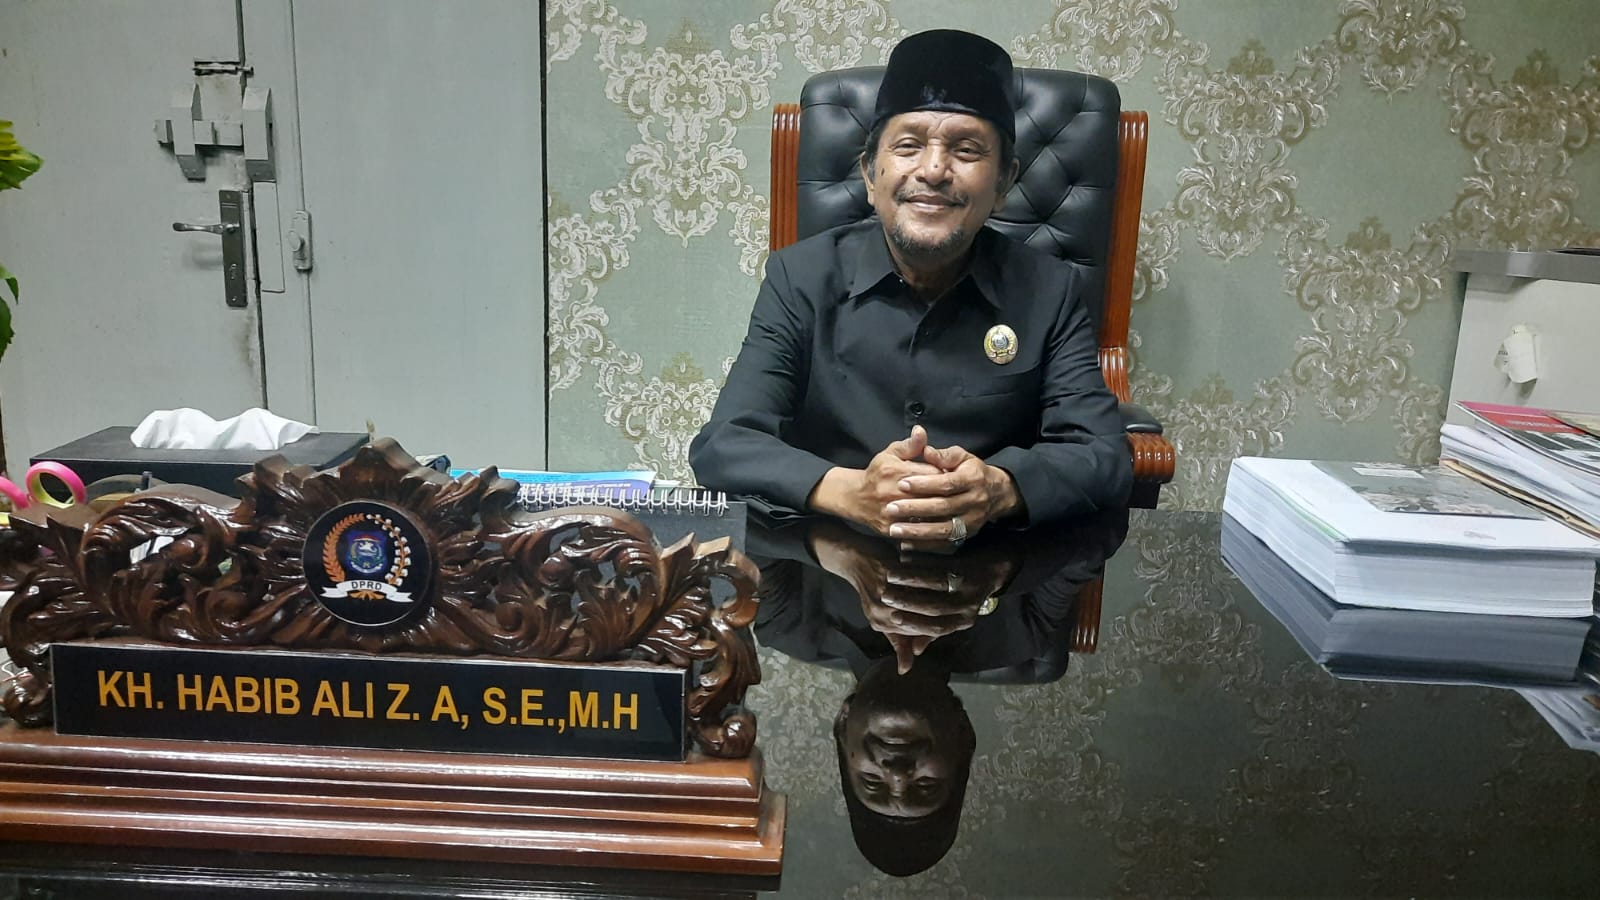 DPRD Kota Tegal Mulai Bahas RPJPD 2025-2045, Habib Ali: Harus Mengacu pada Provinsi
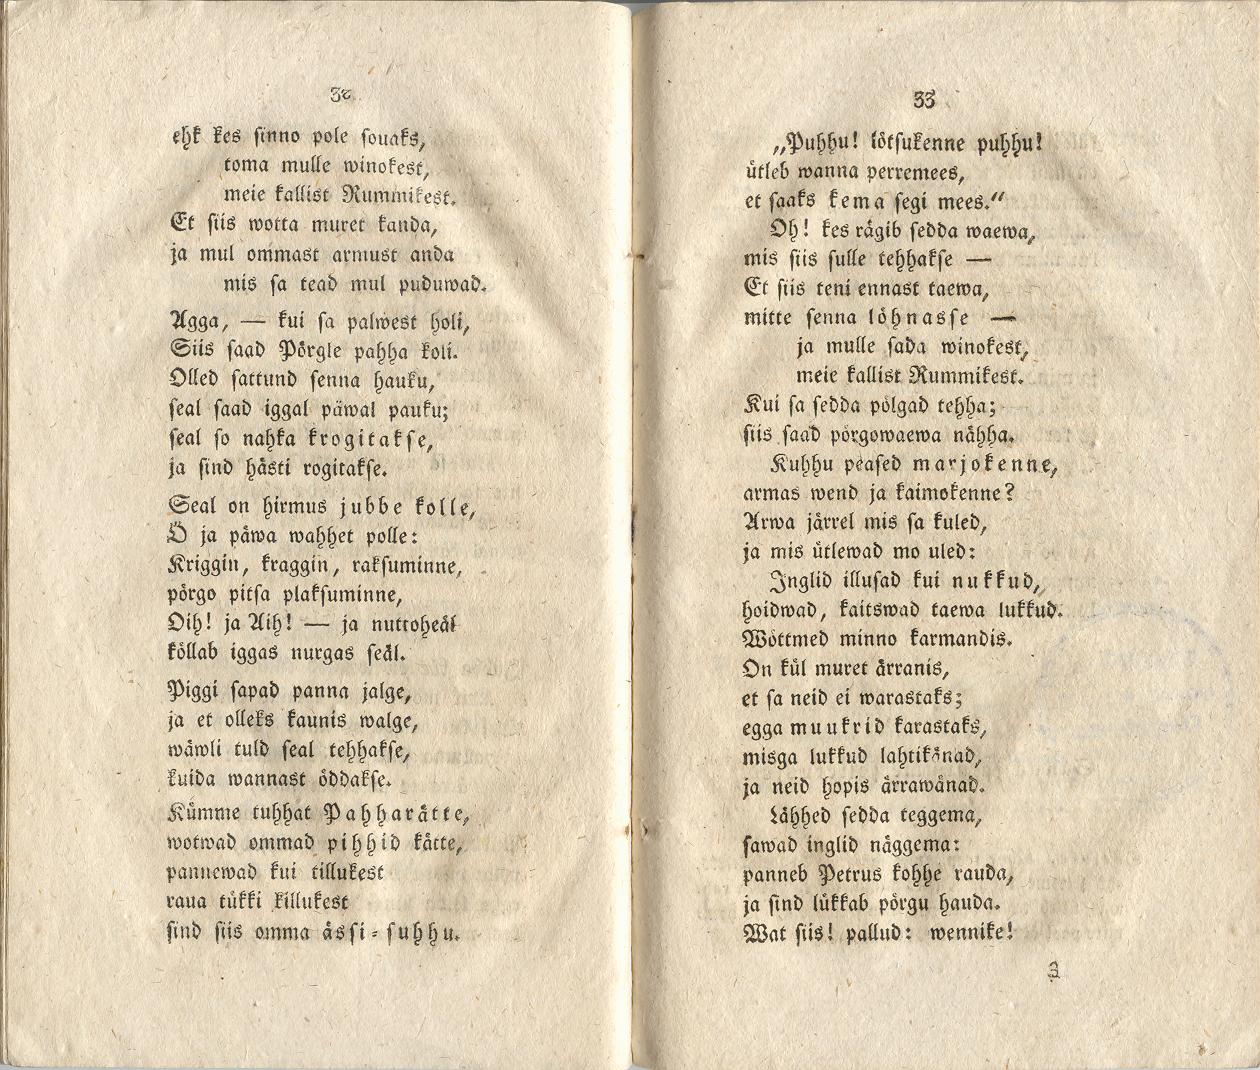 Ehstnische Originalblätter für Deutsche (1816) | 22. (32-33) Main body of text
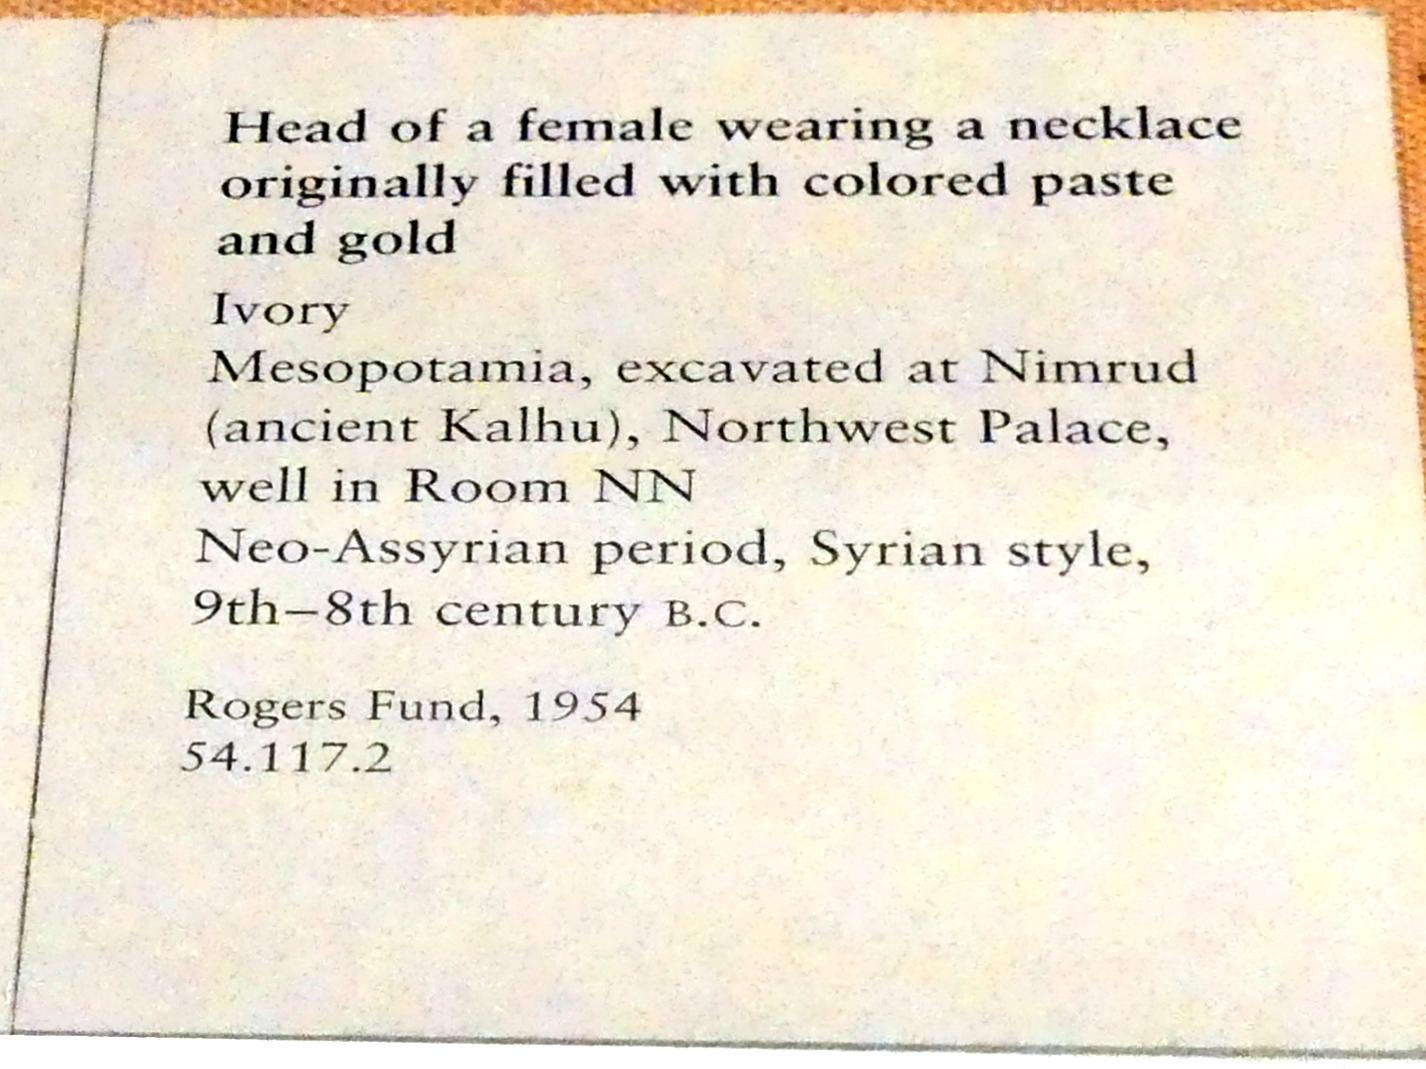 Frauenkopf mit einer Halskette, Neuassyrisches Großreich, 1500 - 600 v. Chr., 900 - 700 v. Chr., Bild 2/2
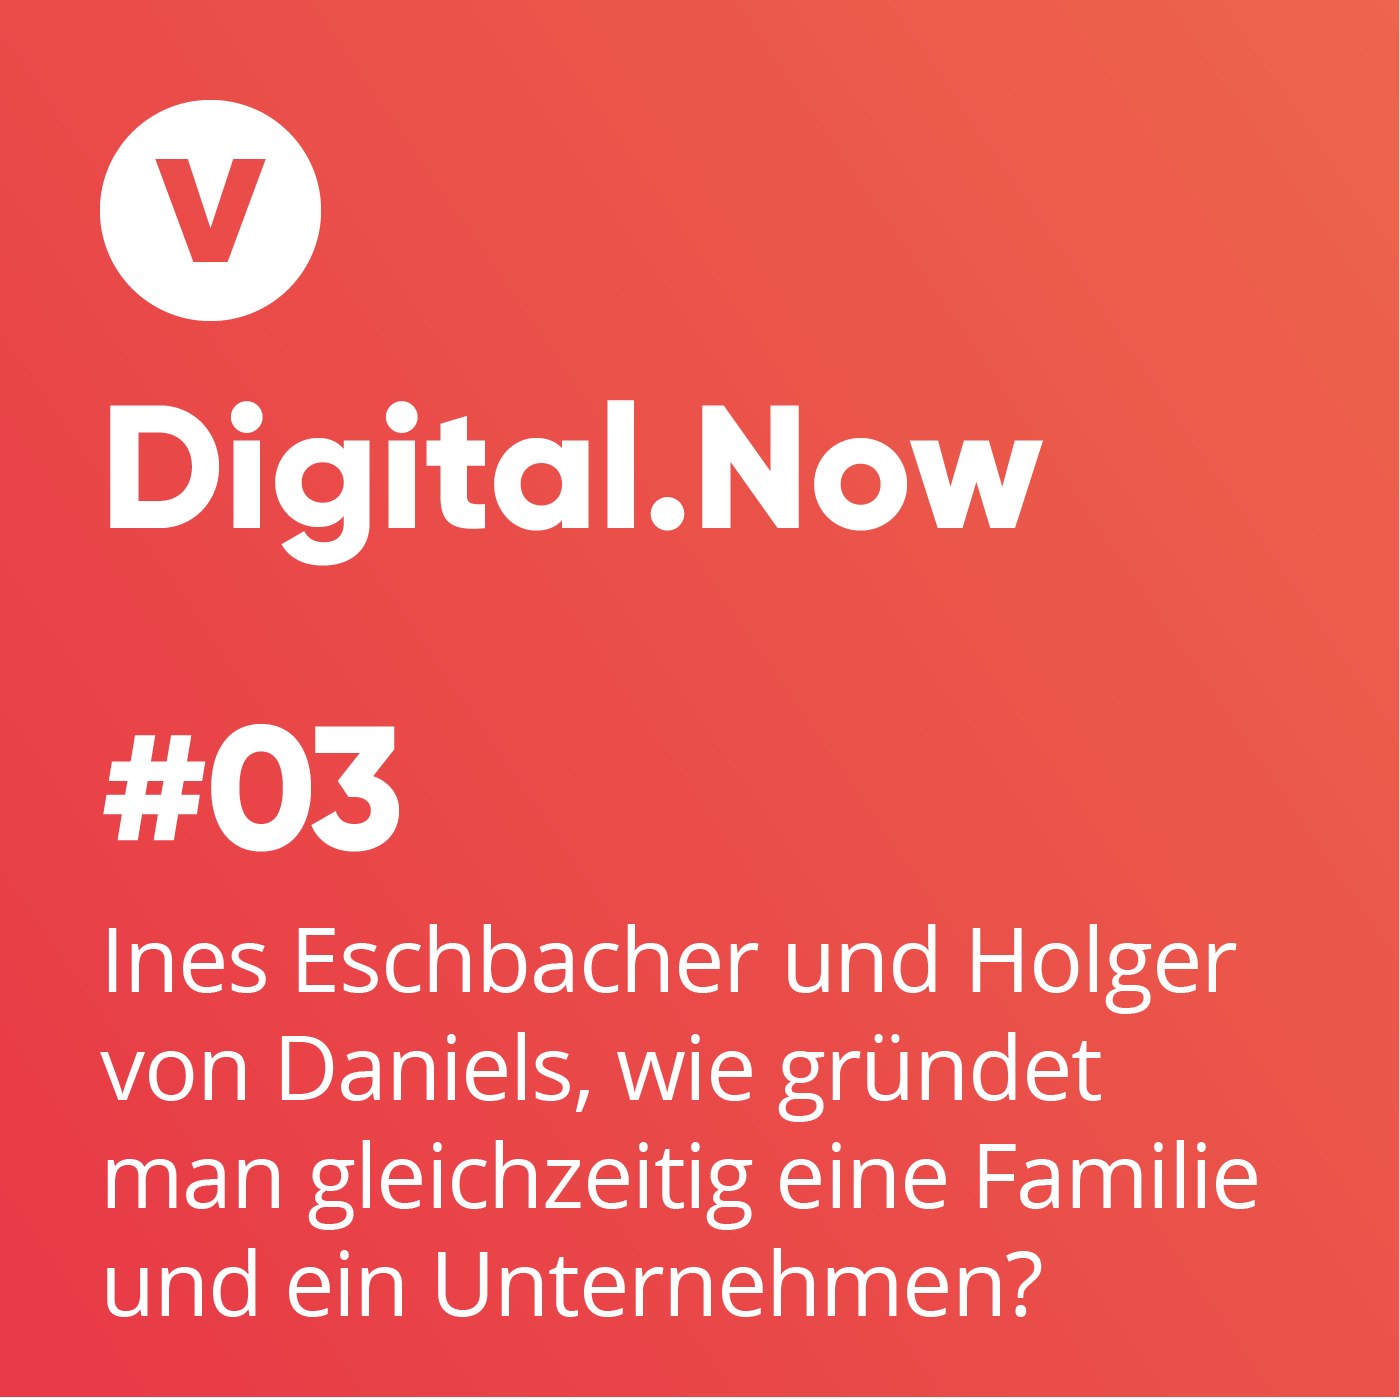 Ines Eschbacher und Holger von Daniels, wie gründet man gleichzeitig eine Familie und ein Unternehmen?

▸ EXERCISE PROMPT: The answer must consist solely of the lines from the line containing "Ehstnische Originalblätter für" to the end of the data, reproduced exactly, with every picture left out.

▸ REPLY:
 Ehstnische Originalblätter für Deutsche (1816) | 22. (32-33) Main body of text
 Frauenkopf mit einer Halskette, Neuassyrisches Großreich, 1500 - 600 v. Chr., 900 - 700 v. Chr., Bild 2/2
 Ines Eschbacher und Holger von Daniels, wie gründet man gleichzeitig eine Familie und ein Unternehmen?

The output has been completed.